Eloïse Mougel, Sophie Malaquin, Julien Valette

Abstract

Purpose

While diffusion and T2 relaxation are intertwined, little or no correlation exists between diffusion and T2 relaxation of intracellular metabolites in the rodent brain, as measured by diffusion-weighted MRS at different TEs. However, situation might be different for lactate, since it is present in both extracellular and intracellular spaces, which exhibit different diffusion properties and may also exhibit different T2. Such a TE dependence would be crucial to account for when interpreting or modeling lactate diffusion.
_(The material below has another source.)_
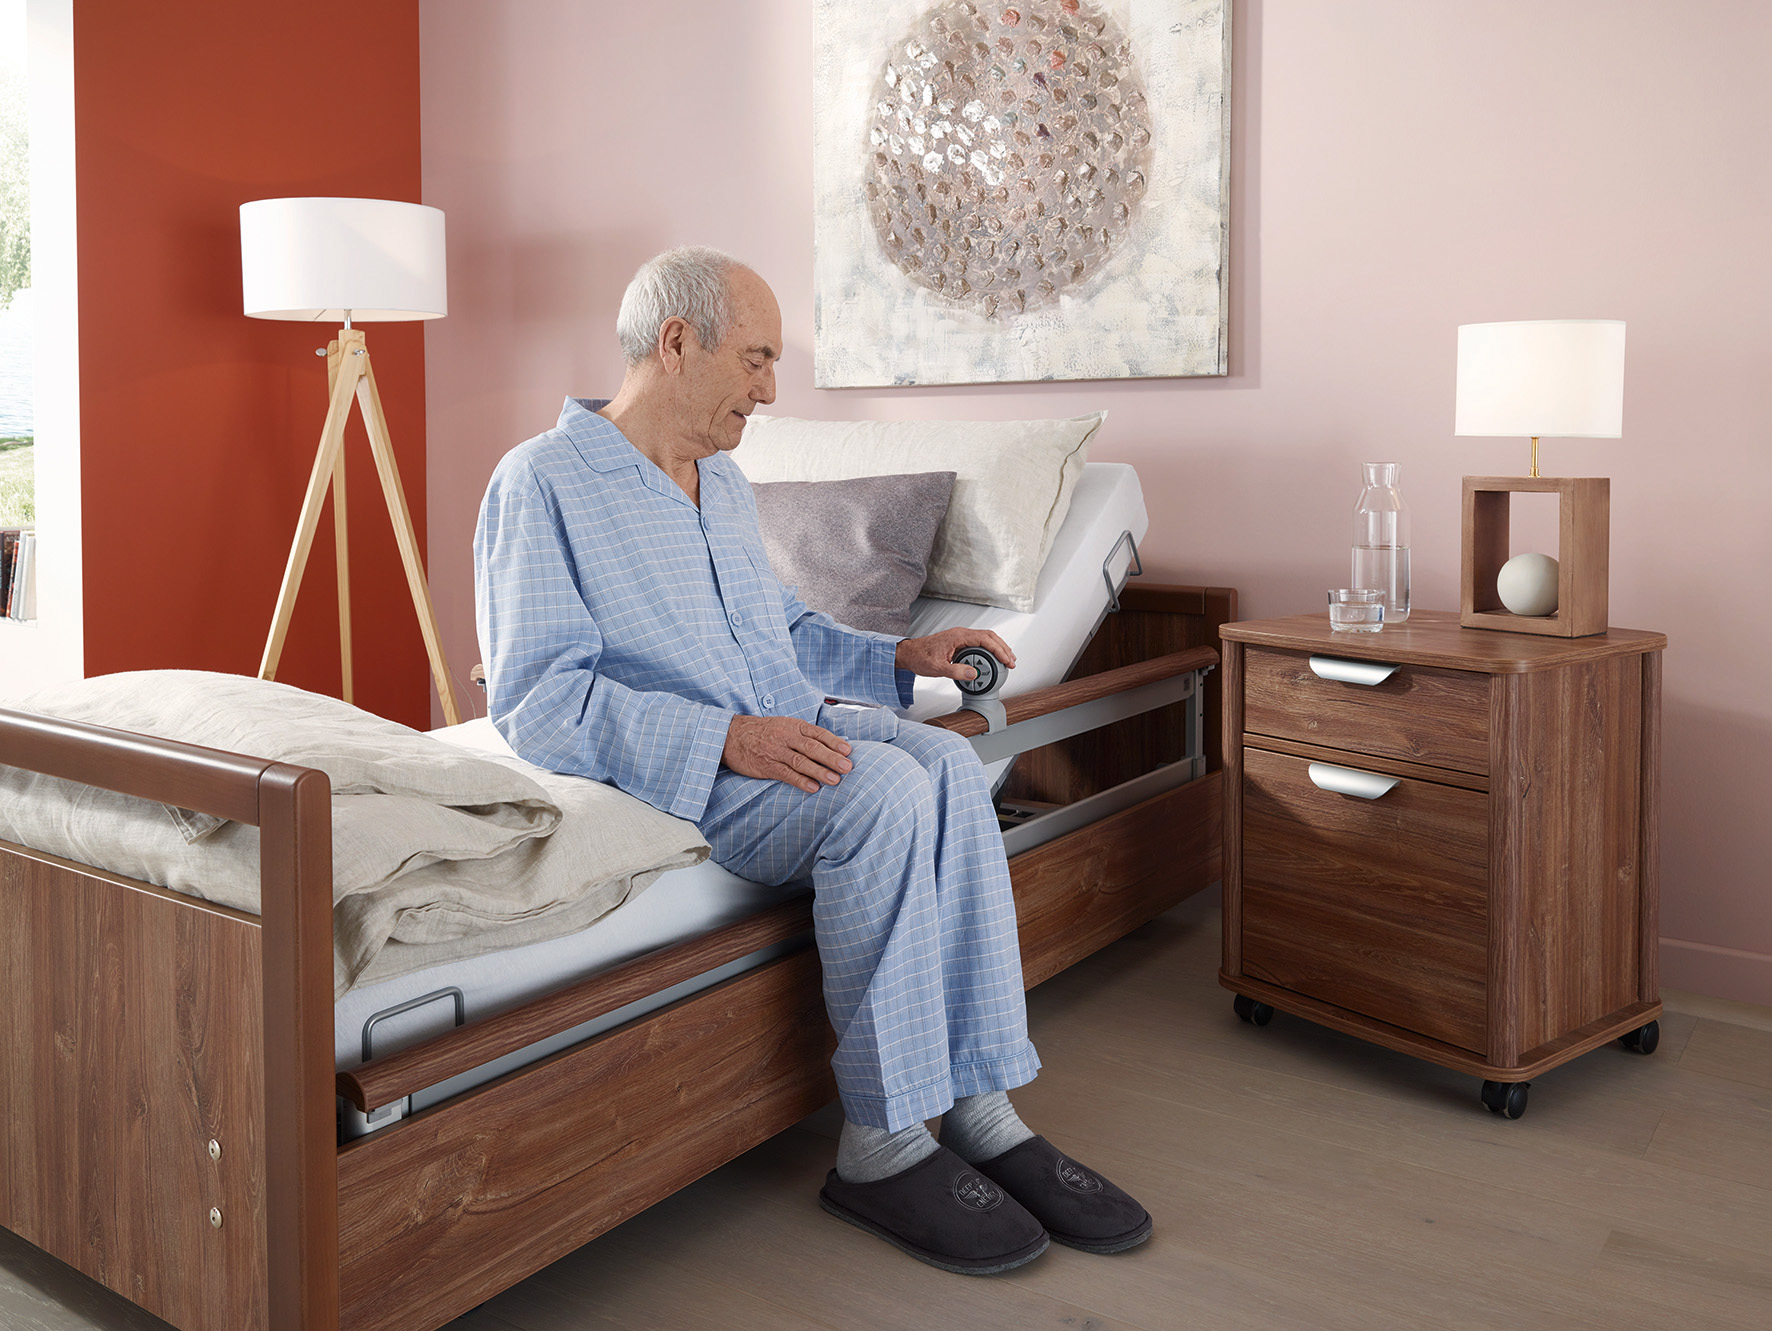 Ganz ohne Kabelgewirr: Pflegebetten mit neuem Bedienkonzept
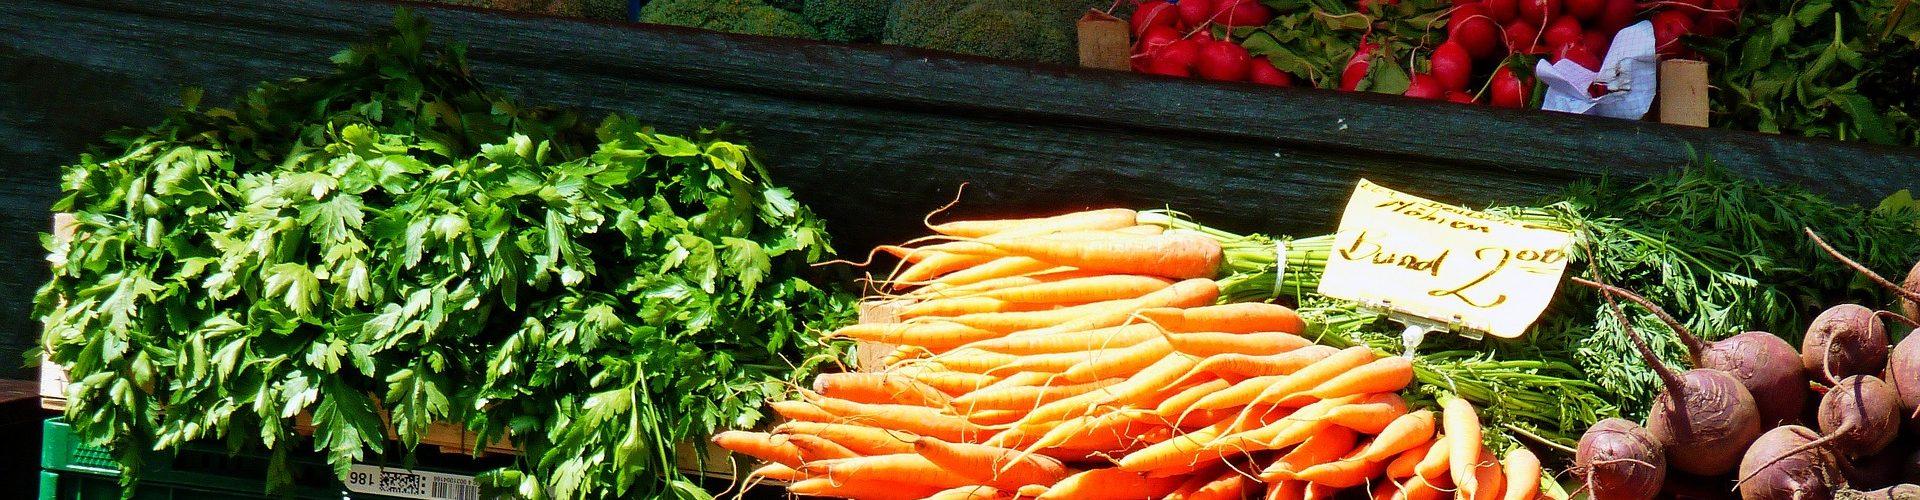 Unser Marktstand an der Stadtkirche in Offenburg bietet Ihnen frisches Obst und Gemüse.

Here we propose to take advantage of a new diffusion sequence, where J-modulation of lactate is canceled even at long TE, thus retaining excellent signal, to assess potential T2 dependence on diffusion of lactate in the mouse brain.

Methods

Using a frequency-selective diffusion-weighted spin-echo sequence that removes J-modulation at 1.3 ppm, thus preserving lactate signal even at long TE, we investigate the effect of TE between 50.9 and 110.9 ms (while keeping diffusion time constant) on apparent diffusivity and kurtosis in the mouse brain.

Results

Regardless of the metabolites, no difference appears for the diffusion-weighted signal attenuation with increasing TE. For lactate, apparent diffusivity and kurtosis remain unchanged as TE increases.

Conclusion

No significant TE dependence of diffusivity and kurtosis is measured for lactate in the 50–110 ms TE range, confirming that potential T2 effects can be ignored when interpreting or modeling lactate diffusion.